Creating A Sense Of Belonging In A Media-Saturated Culture
A woman with a five year old asked me if it was normal that her son was expressing a desire to run away from home, telling her "I hate you" and screaming that she didn't understand him when he felt angry. She said that she wasn't expecting that type of behavior until he was a teenager.
More and more often now I'm being asked the question "is it normal for a young child to be so rude, to want to run away, to have such an `attitude'?" Unfortunately the answer is not altogether clear cut. On the one hand, children of all ages speak in a kind of code. Especially when they're angry they have a tendency to miscommunicate that feeling by screaming things like "I hate you." So in that sense, occasional rude behavior, or screaming "I hate you" is normal. On the other hand, I as well as other counselors are seeing an alarming trend - younger and younger children are expressing a desire to get away from the dependency that they should have and do need from their parents. In addition, younger children are adopting mannerisms, verbal communication and "attitude" that was once the realm of teens only. It's this too early "pushing away" and rejection of their parents as well as the untimely adoption of adolescent behaviors that is of concern. And it comes from the fact that many children feel less and less like they "belong" in their family, and more and more like they "belong" in the hyped, media saturated culture that whirls around them daily.
Parent educators and psychologists who study child development believe one critical problem that exists for children today is that they are suffering from overexposure to developmentally inappropriate ideas and images. Mary Pipher, in her book "The Shelter of Each Other: Rebuilding our Families" states that "we live in houses without walls ... More and more often our children are being exposed to information that they are not developmentally capable of handling, and to people whose sole intent may be to harm them." She's referring to children's exposure to television, the internet, movies and video games.

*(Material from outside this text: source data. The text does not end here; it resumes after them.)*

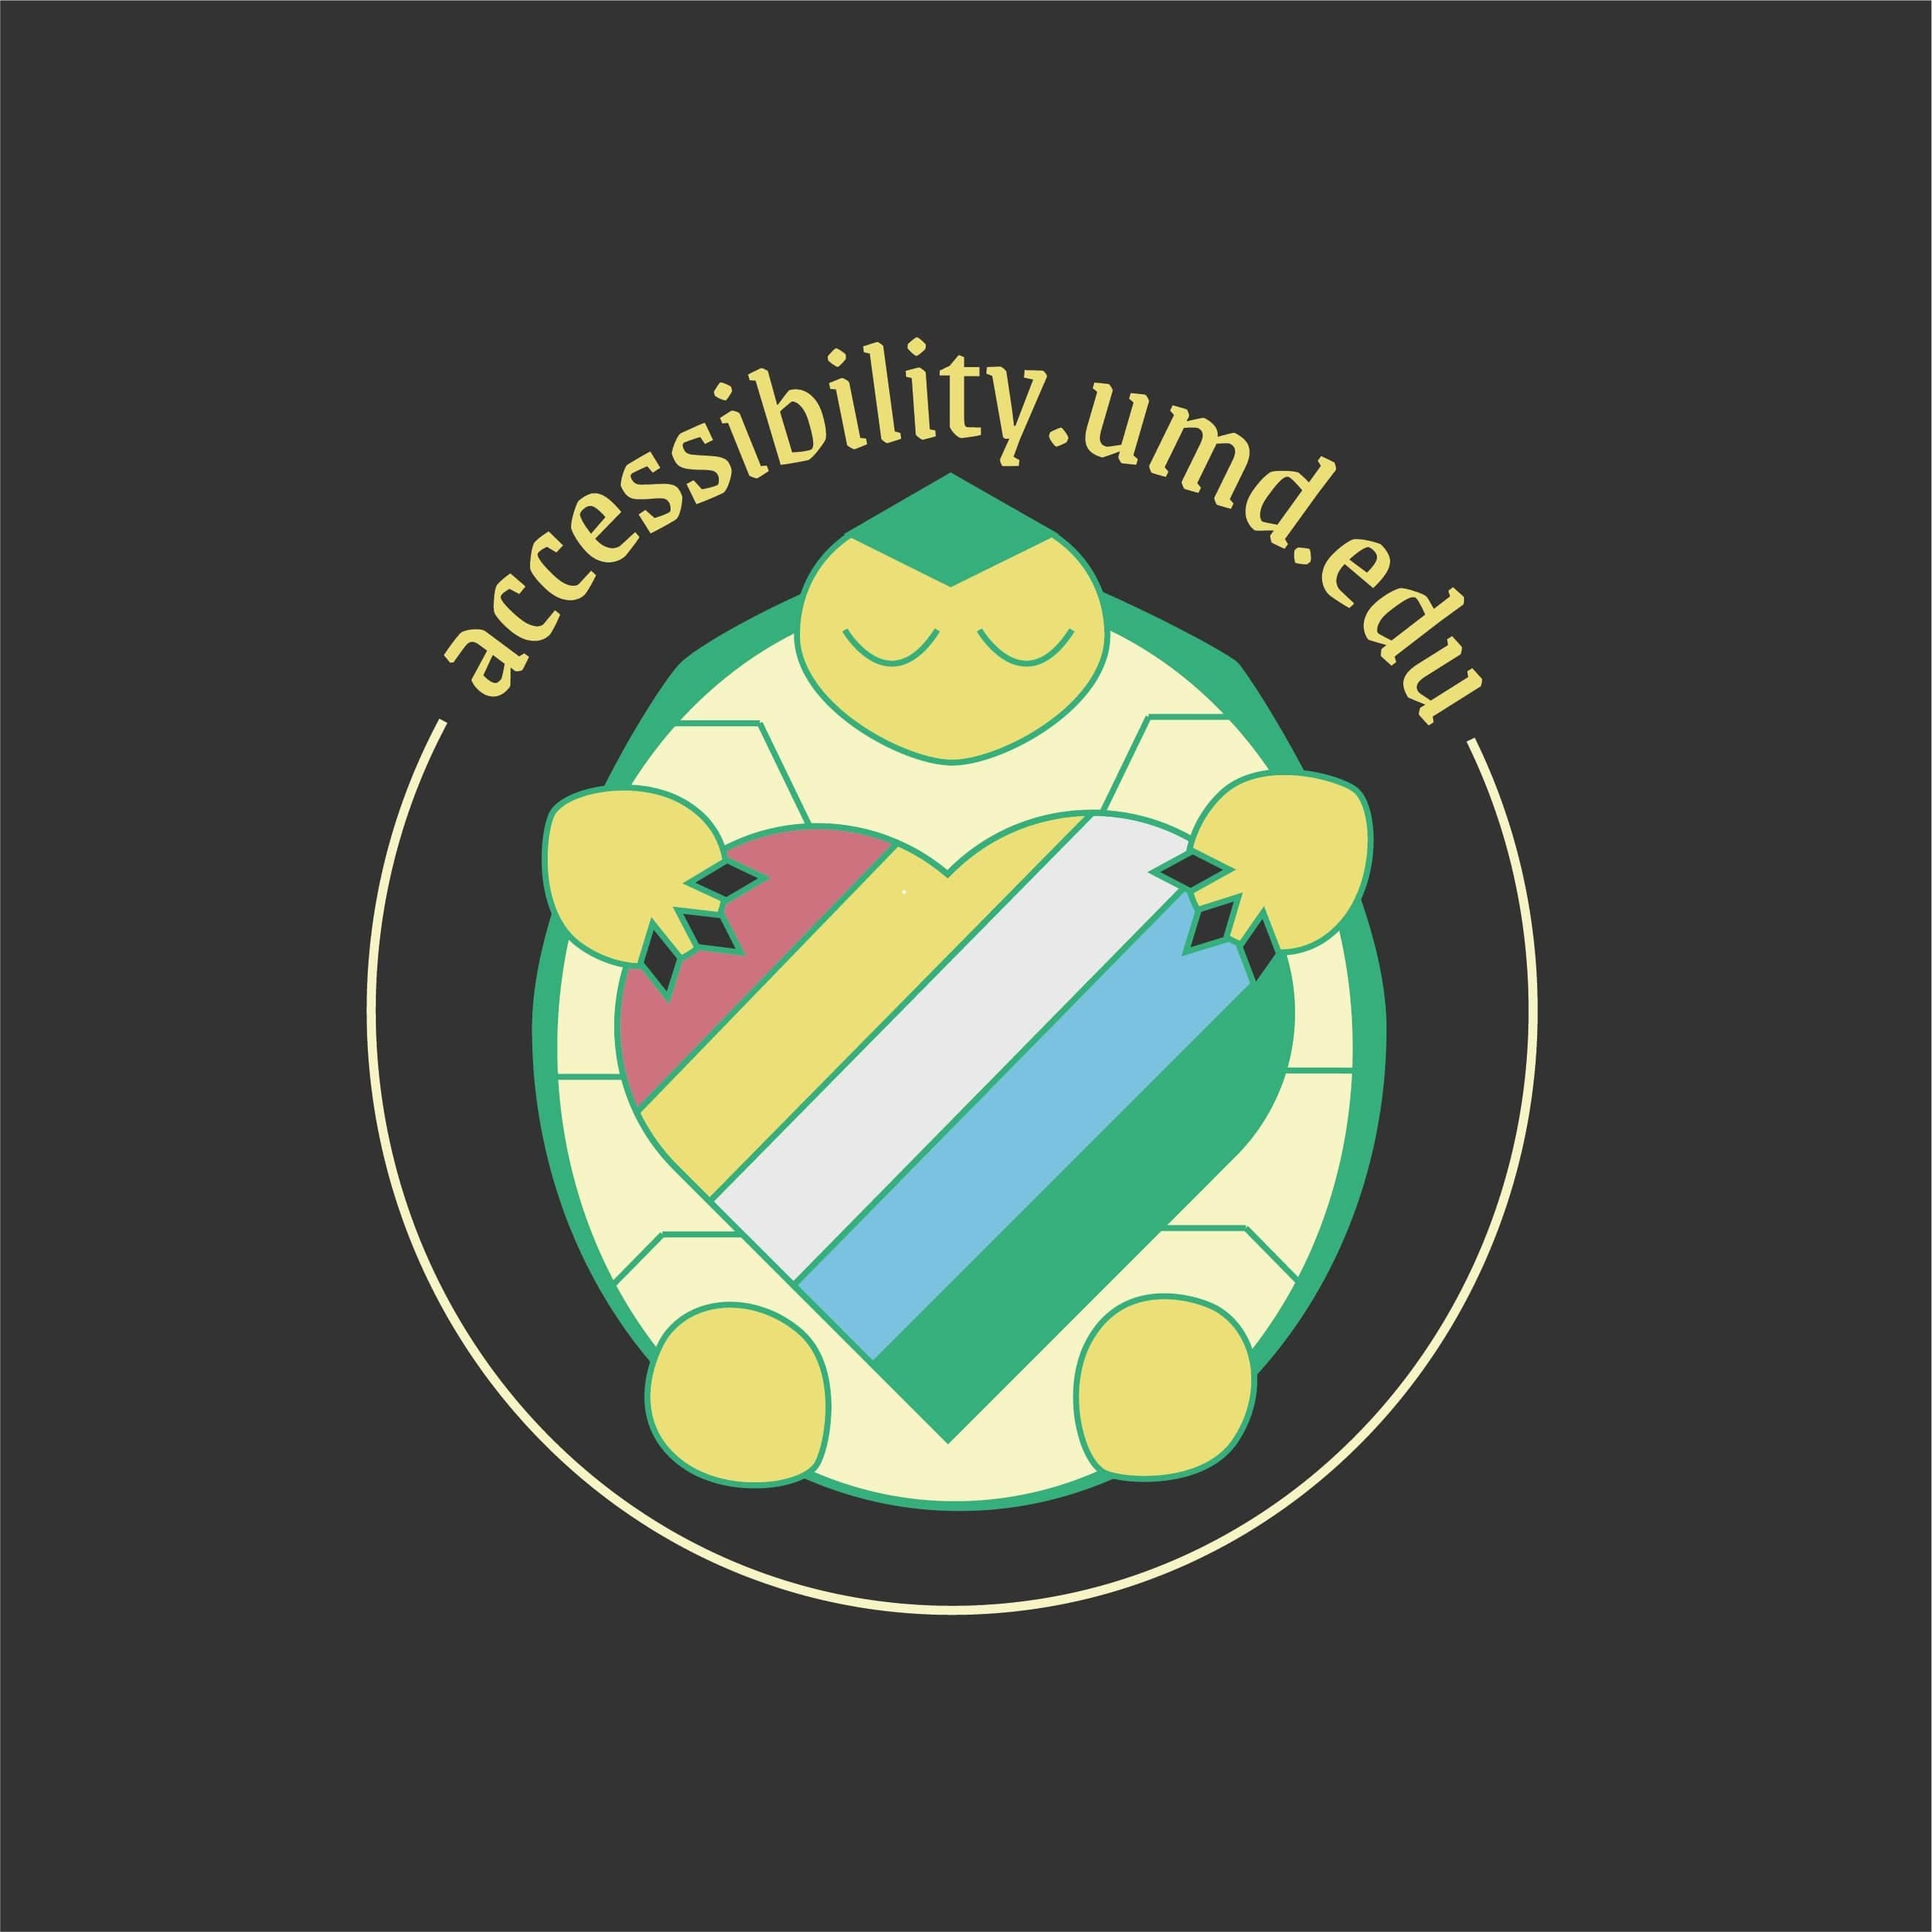 The UMD Accessibility Terp, designed by Sam diBella, represents the UMD disability community. It features the disability pride flag colors inside a heart held by the front paws of a turtle. The turtle is on a dark grey background and inside a circle which includes the URL "accessibility.umd.edu"
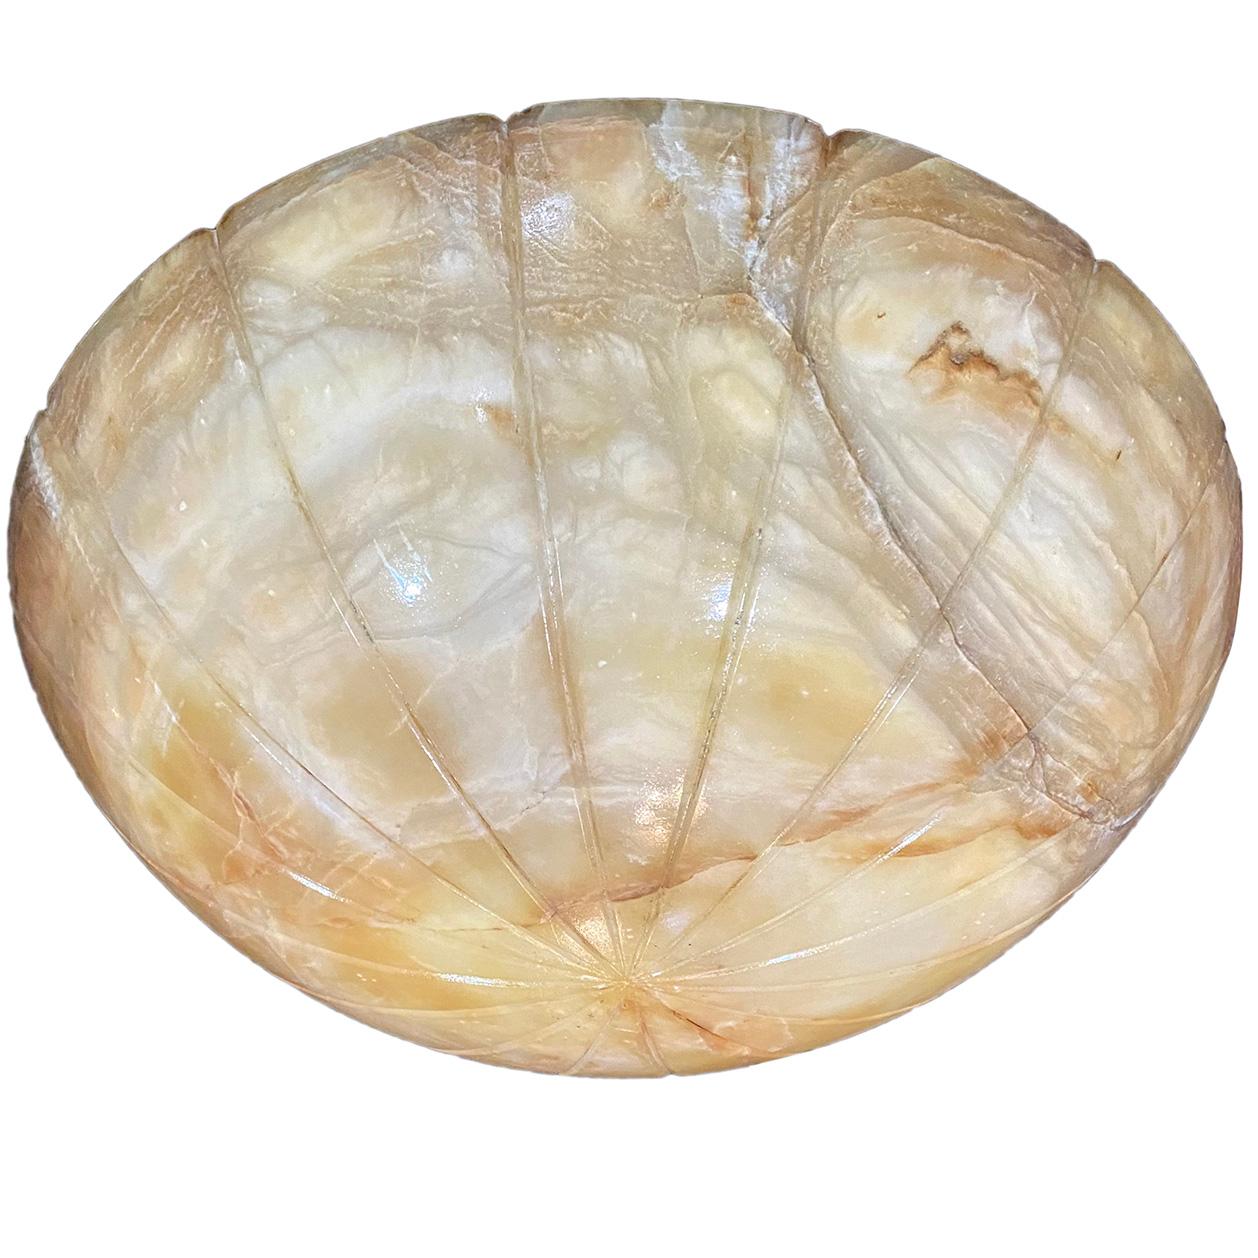 Large amber-colored French carved alabaster fixture with interior lights.

Measurements:
Drop 12
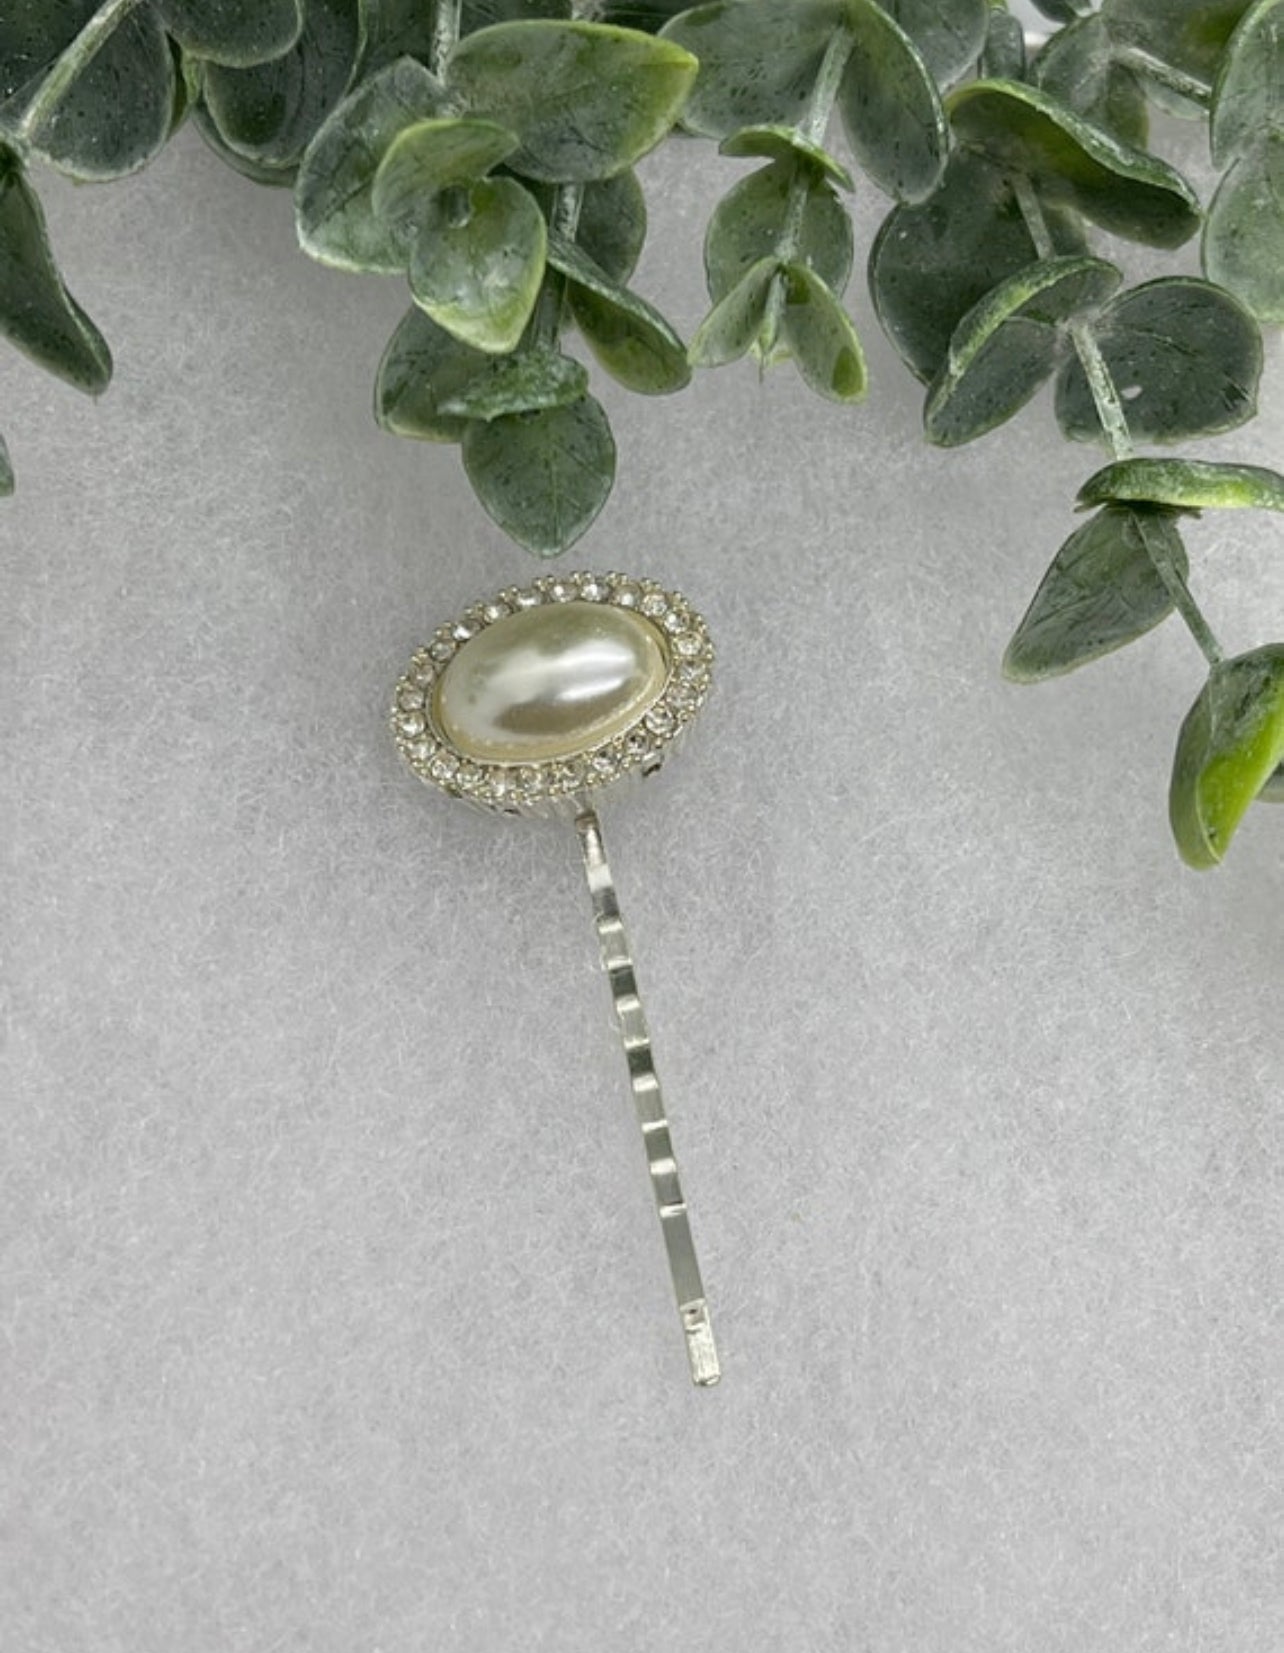 large faux pearl crystal vintage antique style hair pin approximately 2.5” long Handmade hair accessory bridal wedding Retro
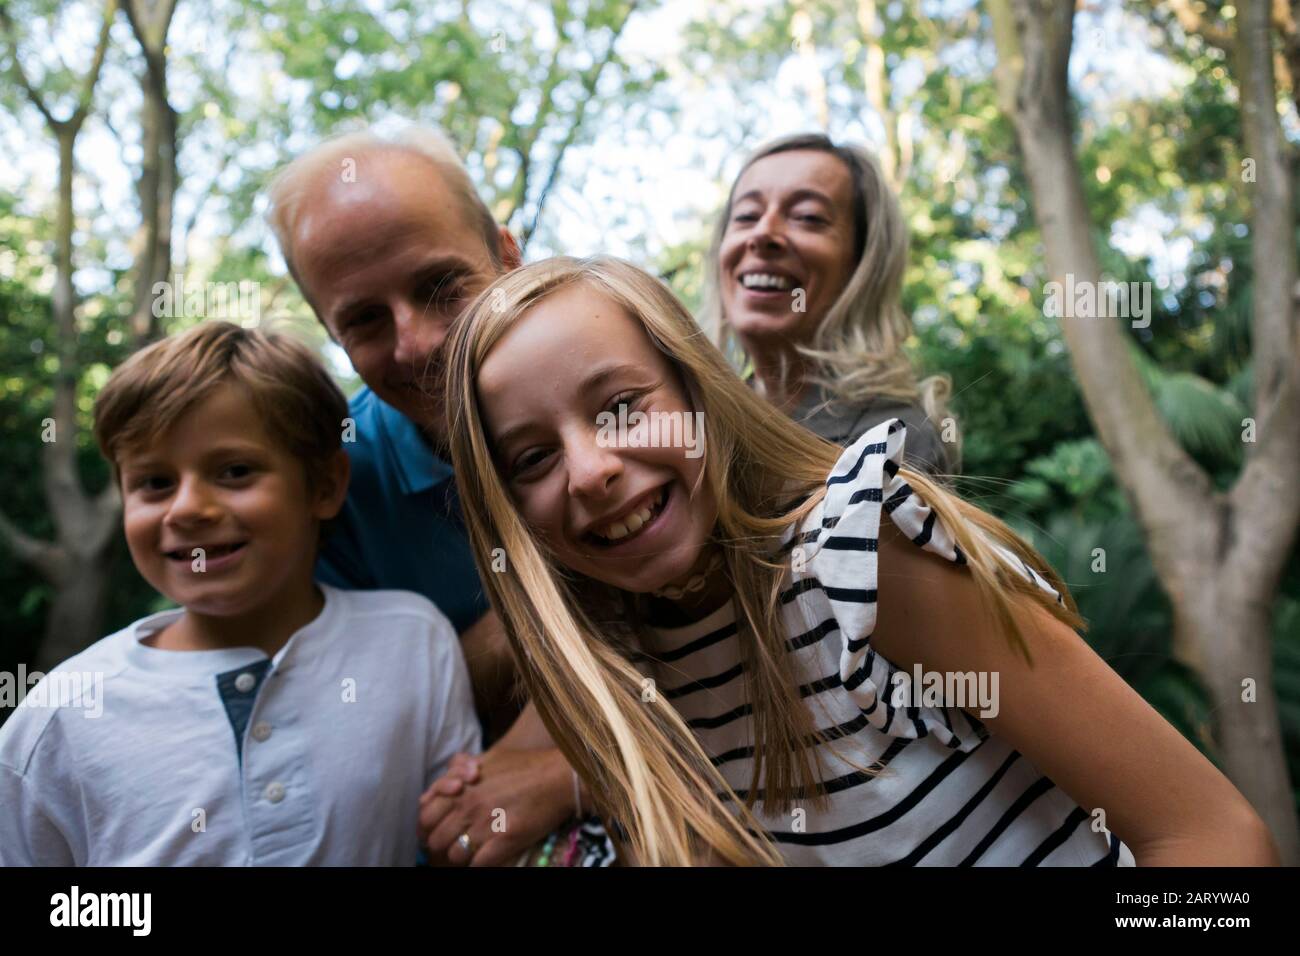 Family smiling by trees Stock Photo

Yet most parents are unaware of how harmful it can be to expose their children to too much, too fast. Even seemingly harmless movies, videos and television shows which are marketed towards younger children can present images which children have difficulty processing. For example, a woman with a three year old girl was disturbed because her daughter was tying her Barbie dolls up, hanging them upside down and screaming "fire, she's on fire, come save her." While this disturbing behavior would initially make a therapist think the child had suffered some horrible trauma, after a bit of conversation it became apparent that the child's favorite video at the time was Disney's "Hunchback of Notre Dame" and the child was simply trying to process, through her play, the disturbing image of Esmerelda being burned at the stake. When the mother took the video away (as well as other videos with disturbing scenes) the child discontinued playing with her Barbies in that manner.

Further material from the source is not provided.